Opinion
No. 28,928.
June 24, 1932.
Husband and wife — allowance for separate maintenance and counsel fees.
The verified answer and counter affidavit justified the trial court in refusing the relief sought by the motion, denial of which is appealed from.
Plaintiff as guardian of Mary Hayek, an insane person, appealed from an order of the district court for Hennepin county, Baldwin, J. denying his motion for an order requiring defendant as husband of the ward to pay certain sums for her maintenance and support and for attorney's fees pendente lite. Affirmed.
Harold P. Rutledge, pro se.
Erland Lind and Francis Muekel, for respondent.
In a suit by the guardian of an insane ward against the husband of the ward for support and maintenance, including attorney's fees for the guardian, a motion was made and denied for an order requiring defendant to pay to the guardian certain sums for maintenance and support of the ward pendente lite and for attorney's fees. Plaintiff appeals from the order.
In 1923 Mary Hayek, the ward herein, was adjudged insane. Later she was restored to capacity. June 4, 1931, she was again adjudged insane and ordered committed to the state hospital at St. Peter. Shortly thereafter this guardian acting as the friend of the ward obtained a stay of commitment by executing a bond under the provisions of G. S. 1923 (2 Mason, 1927) § 8964. Thereafter on application of the lunatic the plaintiff was appointed guardian of her person and estate.

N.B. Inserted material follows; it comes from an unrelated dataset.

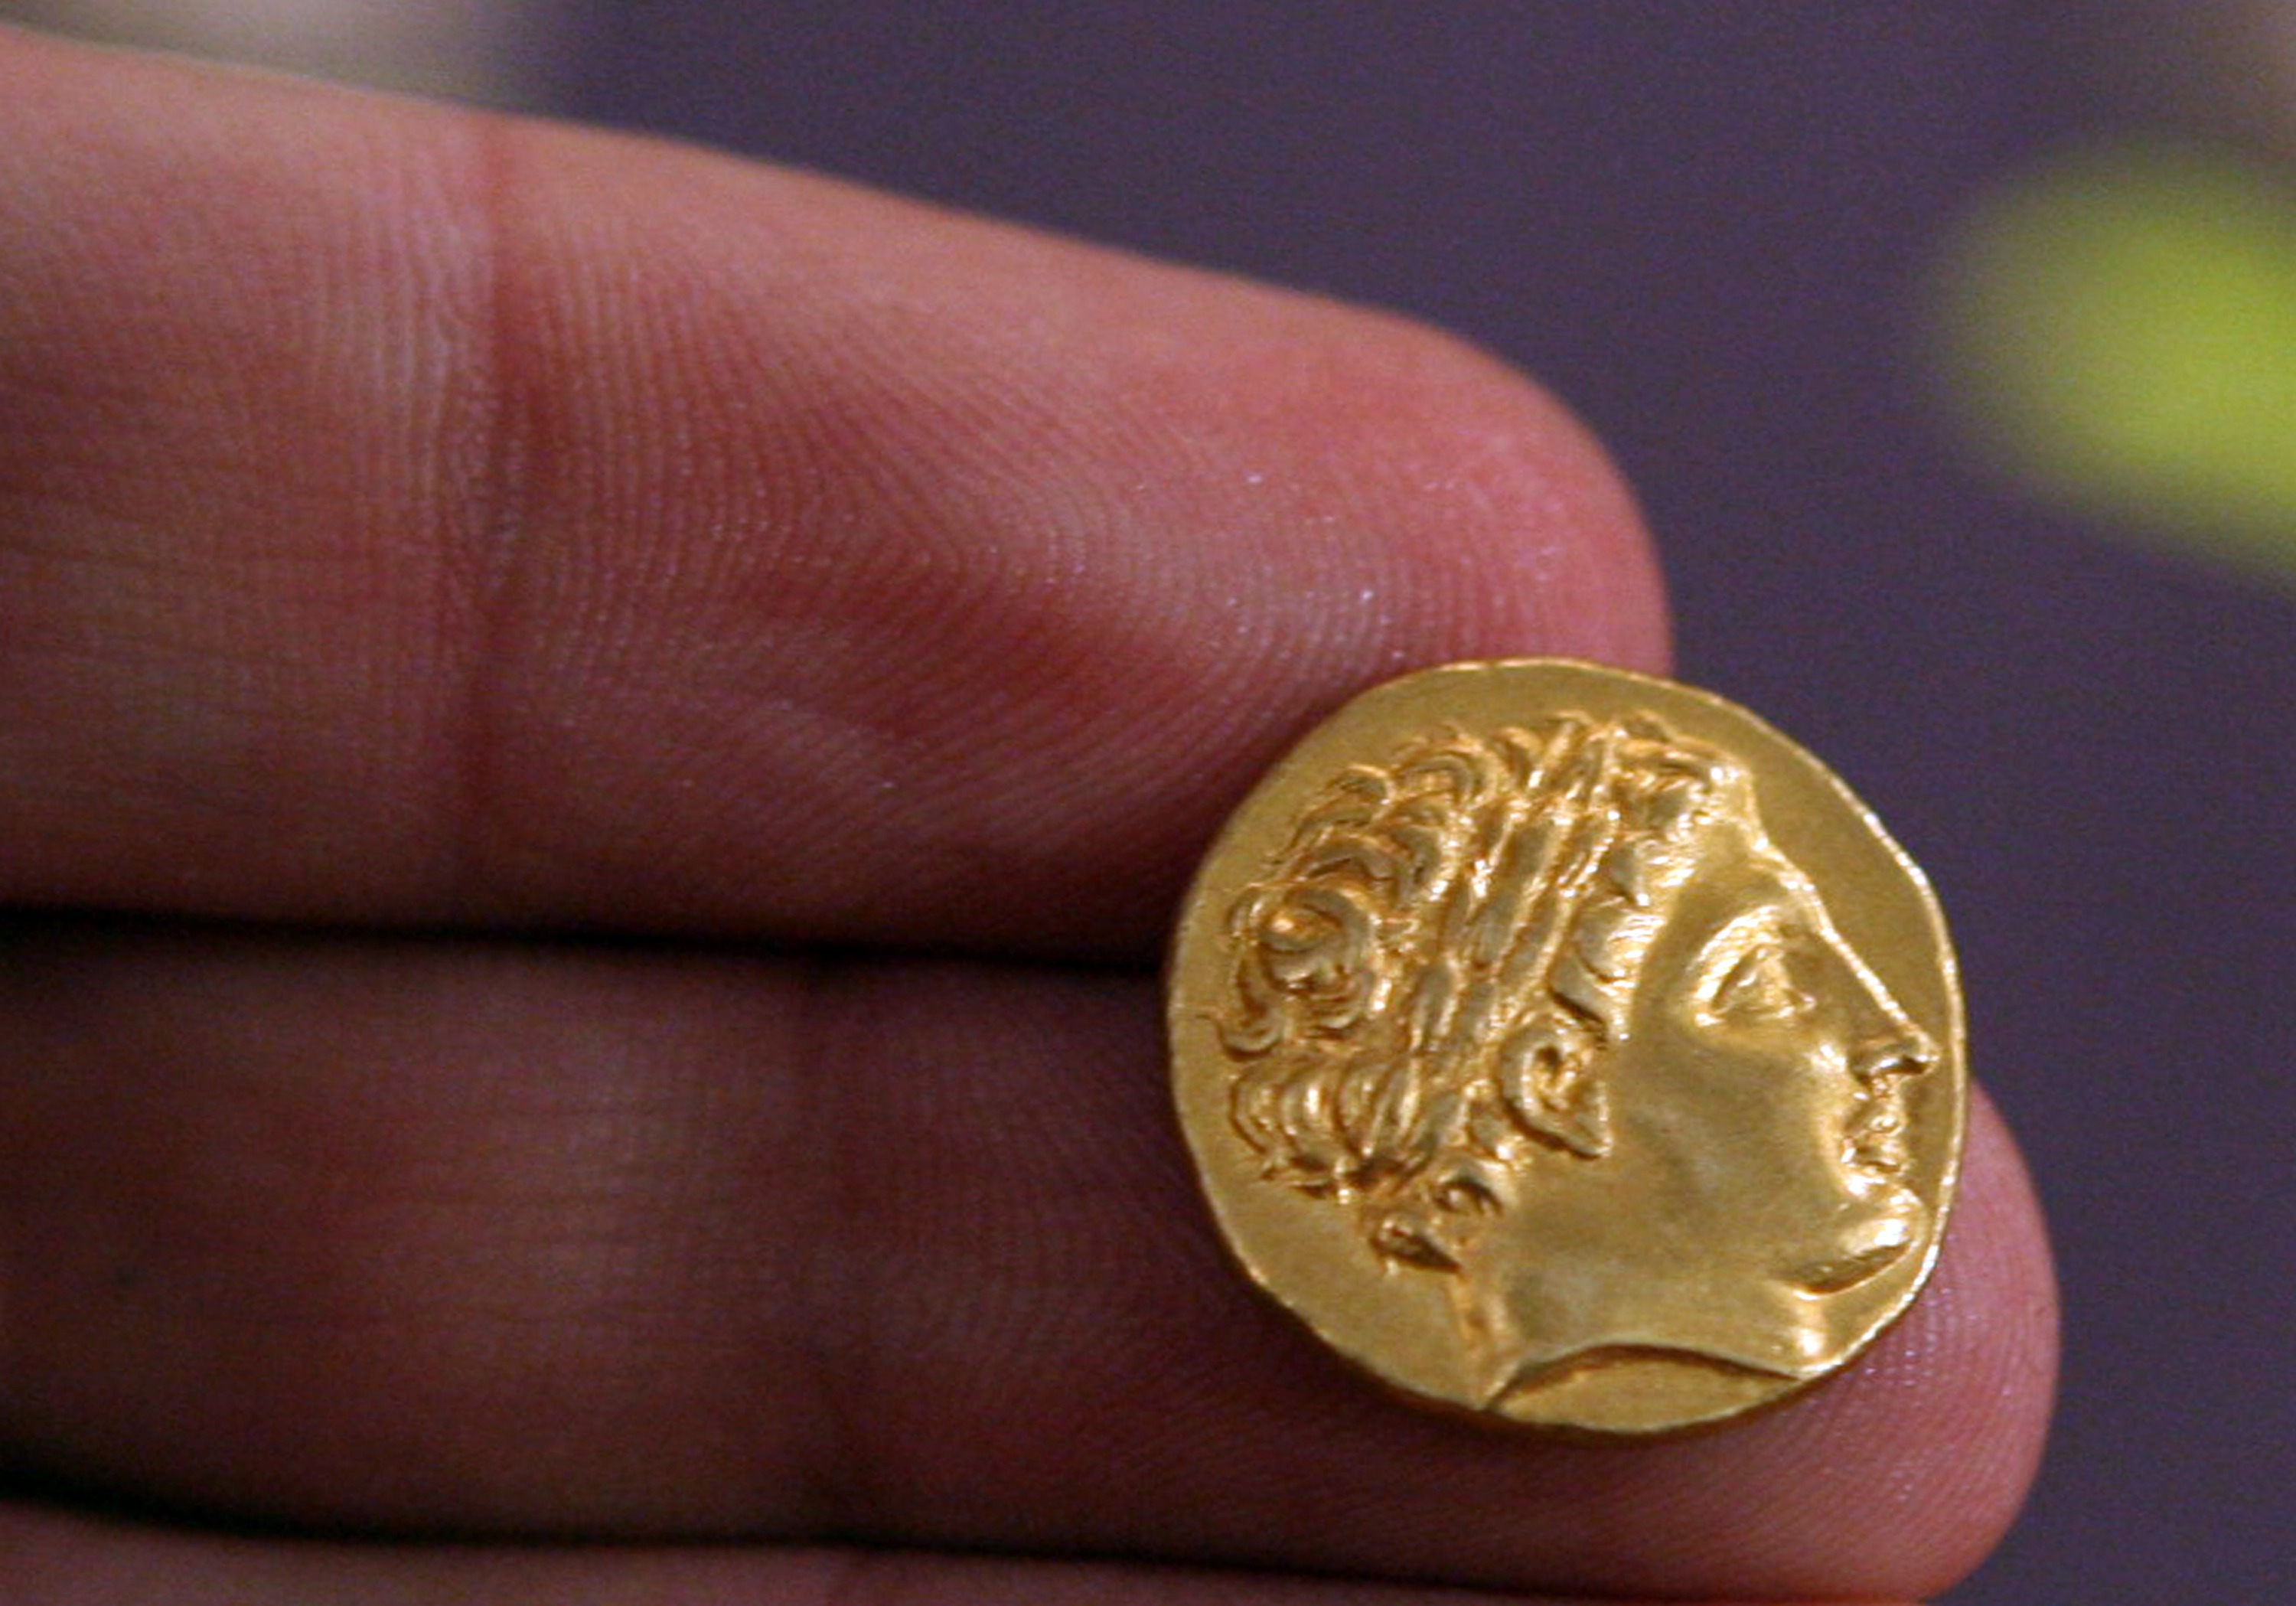 Alexanders profil, här på ett gammalt mynt från Bulgarien.
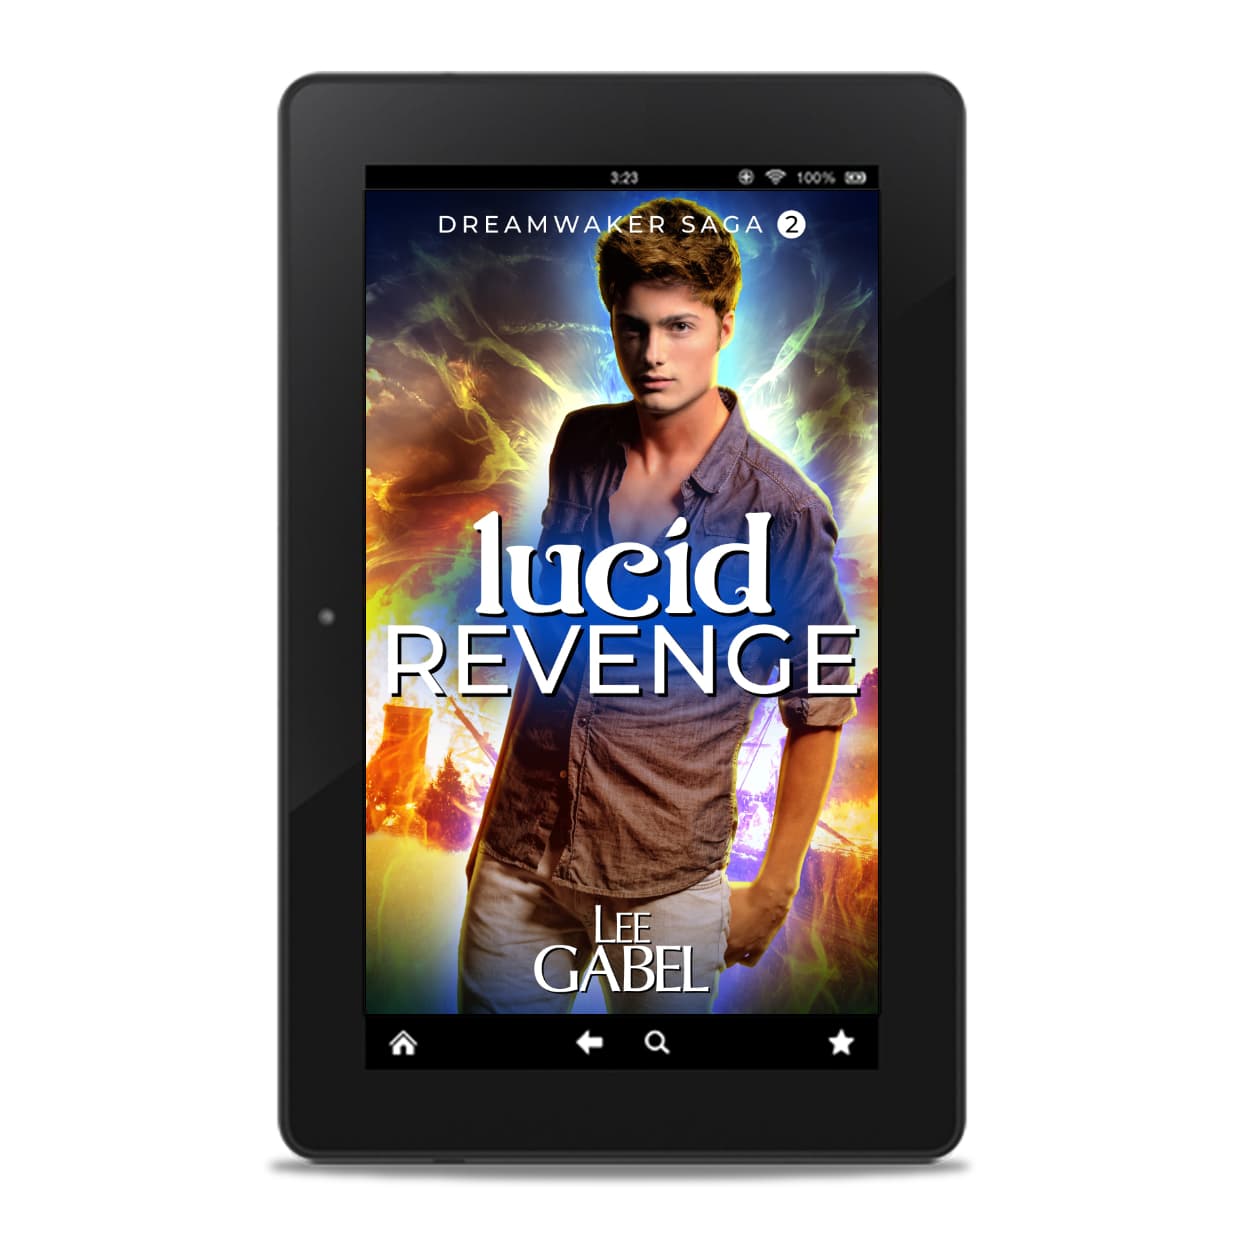 Gabel's　#2　Lucid　Revenge,　Lee　–　Dreamwaker　(E-Book)　Saga　Bookshop

This action followed.
On the motion before the court, the denial of which is here sought to be reviewed, there were counter affidavits and an answer verified by defendant alleging payments by him for his wife's support and of funds to her attorney which amply justified the trial court's discretion in denying the motion, even if we assume that such a case will lie and that it would have been proper for the trial court to allow the relief sought. As to whether this action will lie under the circumstances herein set forth, the parties hereto have argued at considerable length, but we do not consider a determination of that question necessary or proper for the decision of this appeal.
No abuse of discretion is shown, and the order is affirmed.